The meeting, chaired by Dao Macoura Coulibaly, Mayor of Foumbolo (Ivory Coast) and President of the Network of Local Elected Women of Africa (REFELA), provided a platform for the high level leaders and politicians from the organising associations to reiterate their strong commitment to the Charter project and its objective of making the equality and empowerment of all girls and women a reality in Africa’s municipalities.

 

Thembi Nkadimeng, President of the South African Local Government Association (SALGA), Mayor of Polokwane and Co-President of UCLG, emphasised that “Local Authorities Charter for Gender Equality in Africa is more necessary than ever if we hope to achieve Generation Equality, a world in which women’s leadership is no longer the exception but the new norm.”

 

Emil Broberg, President of the CEMR Standing Committee for Equality and Regional Councillor of Östergötland (Sweden), followed up on the value of this exchange between the continents, saying that “we have the same issues to work with in European and African contexts: women’s representation in decision-making, gender-based violence and economic empowerment—which constitute the core of gender equality work”.

 

Léandre Nzue, Mayor of Libreville (Gabon) and President of UCLG Africa, emphasised the fact that “the COVID pandemic has heightened inequalities between men and women across the world […] and this Charter aims to be a reference framework for local governments fighting against this.”

 

Emilia Saiz, Secretary General of UCLG, stressed the need to engage others in gender equality work: “It will be critical to involve other stakeholders in this process, including civil society and men.
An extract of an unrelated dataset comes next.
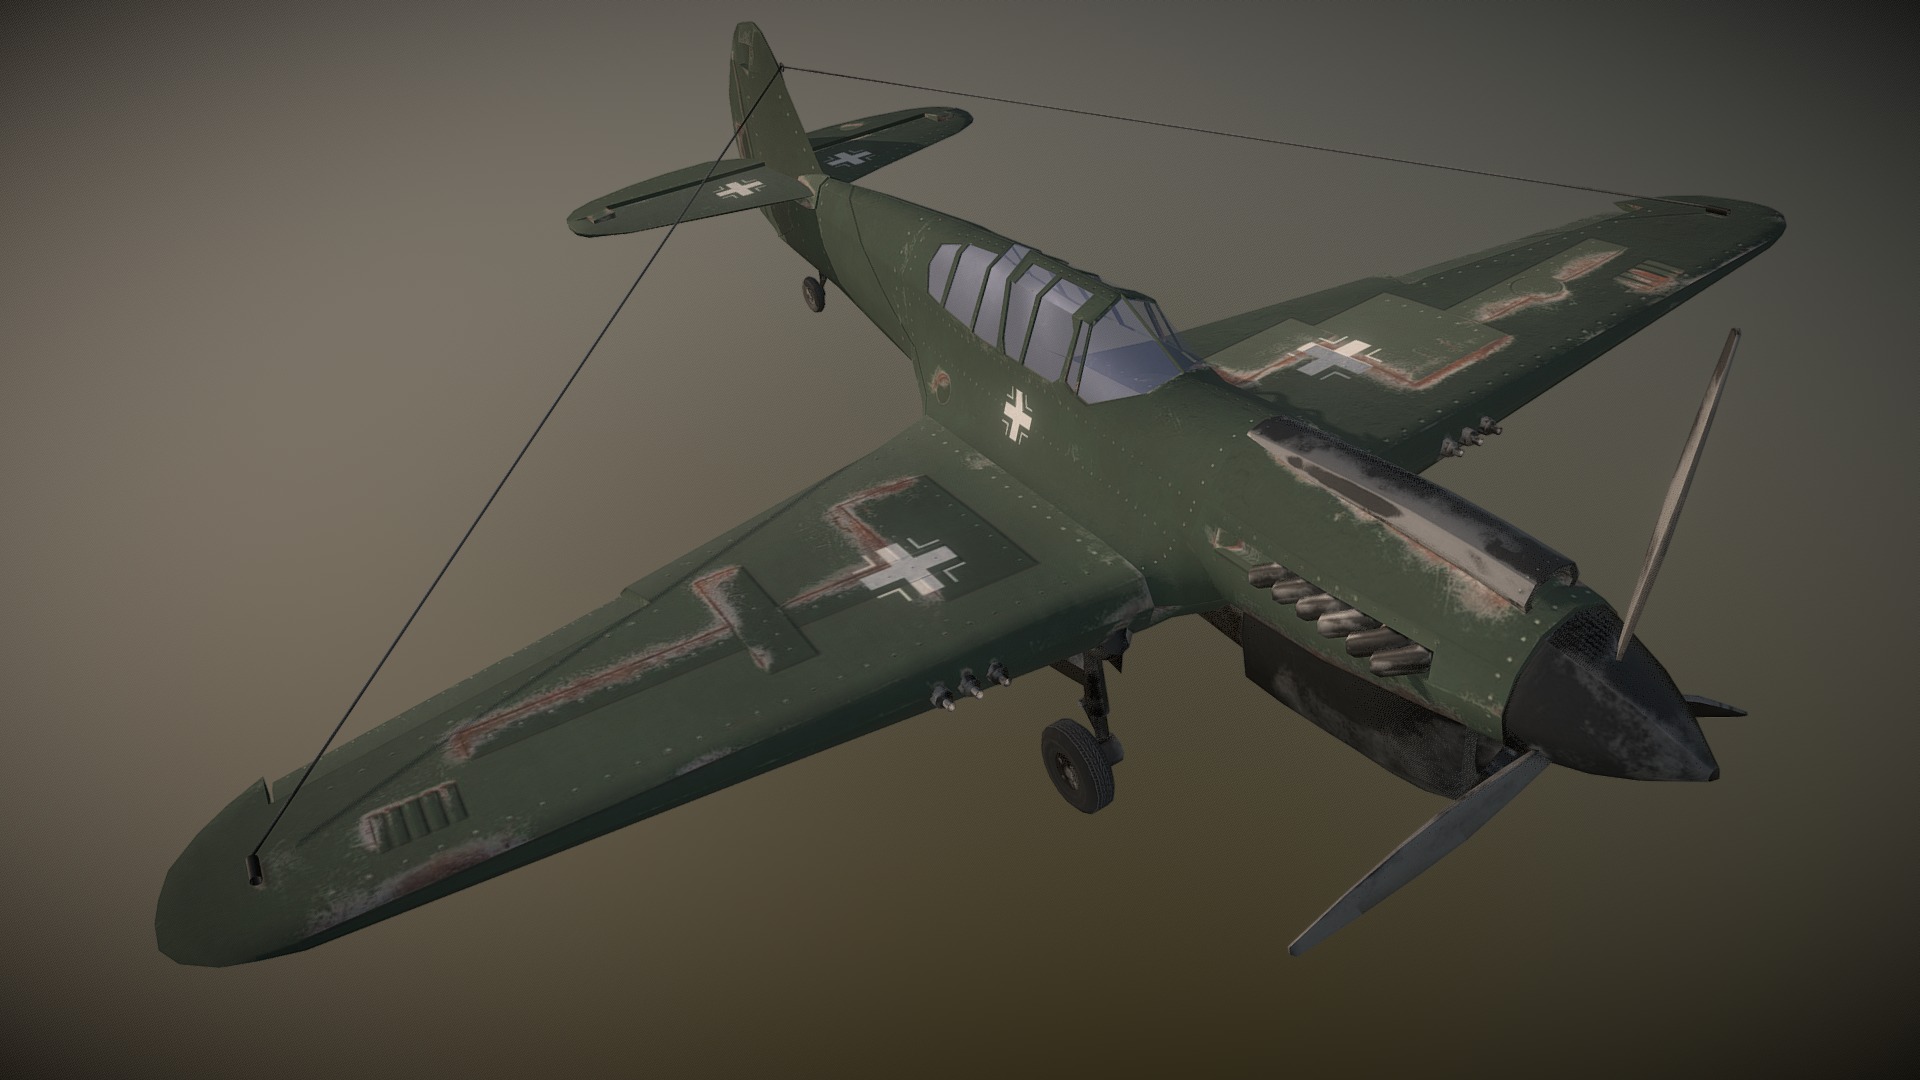 3D model Plane green - This is a 3D model of the Plane green. The 3D model is about a green military plane.

Our equality and advancement must reflect on other groups, including the most vulnerable.” UCLG is committed to supporting the Charter’s creation through collective thinking, promoting learning and exchanging global perspectives and experiences.

 

Frédéric Vallier, Secretary General of CEMR, added: “We’ll find solutions to the problems we face by working together across sexes, across generations, across the globe. It is through collaboration by the local, regional and international levels that innovative solutions will be created”. Referring to the inspiration that the African Charter takes from the European Charter for Equality of Women and Men in Local Life (established in 2006), Jean Pierre Elong Mbassi, Secretary General of UCLG Africa, said: “We are on a common road and need to learn from others where the obstacles are. Our roads might be different but you can help us anticipate challenges based on your experience.”

 

Dr Malika Ghefrane Giorgi, Special Advisor of REFELA, presented the key findings of the 2019 online consultation which received 118 responses, mostly from Africa and with many local elected representatives providing input. While many expressed their support for the Charter project and indicated that they would adhere, some were hesitant and expressed their concern that the Charter might be just another non-binding tool added to the many other gender equality commitments already taken. For this reason, it was stressed that accompanying tools and guidance on implementing the Charter must be prepared in parallel to the Charter text.

 

The UCLG Africa Working Group and REFELA were congratulated for their excellent work on the consultation and the resulting report. The overall structure presented was seen as a good first step that should be further debated by REFELA and the UCLG Africa Working Group, in particular to determine the scope of the chapters, whether to include the practical guidance tools as an annex or not, and how to tackle the ever important issue of women’s representation in decision-making.

 

At the conclusion of the meeting, UCLG Africa/REFELA announced their intention to launch the Charter in November 2021 at the Africities summit in Kisumu, Kenya. Additional discussion groups and peer exchanges will be organised in the meantime by UCLG Africa, REFELA, CEMR/PLATFORMA and UCLG in order to continue progress on the drafting of the Charter and the preparation of appropriate support tools.

 

Other panellists participating in the meeting included:

  • Olenka Ochoa, Member of the Federation of Municipal Women of ALC (FEMUM ALC), UrbanThinkersCampus – Peru 
  • Carola Gunnarsson, Mayor of Sala (Sweden), UCLG Vice-President for Europe
  • François Yatta, expert on local finance, Director of the UCLG Africa Programme Department, member of the UCLG Africa Working Group
  • Helén Lundkvist Nymansson, Chief of Section, Swedish Association of Local Authorities and Regions (SALAR)
  • Joyce Nyambura, Governor, Deputy Secretary General of the Association of County Governments of Kenya (ACGOK)
  • Ratsimbazafy Sahondramalala Esther, Mayor of Fianarantsoa (Madagascar), Vice-President of REFELA – East Africa
  • Innocent Uwimana, President of the Rwandan Association of Local Government Authorities (RALGA)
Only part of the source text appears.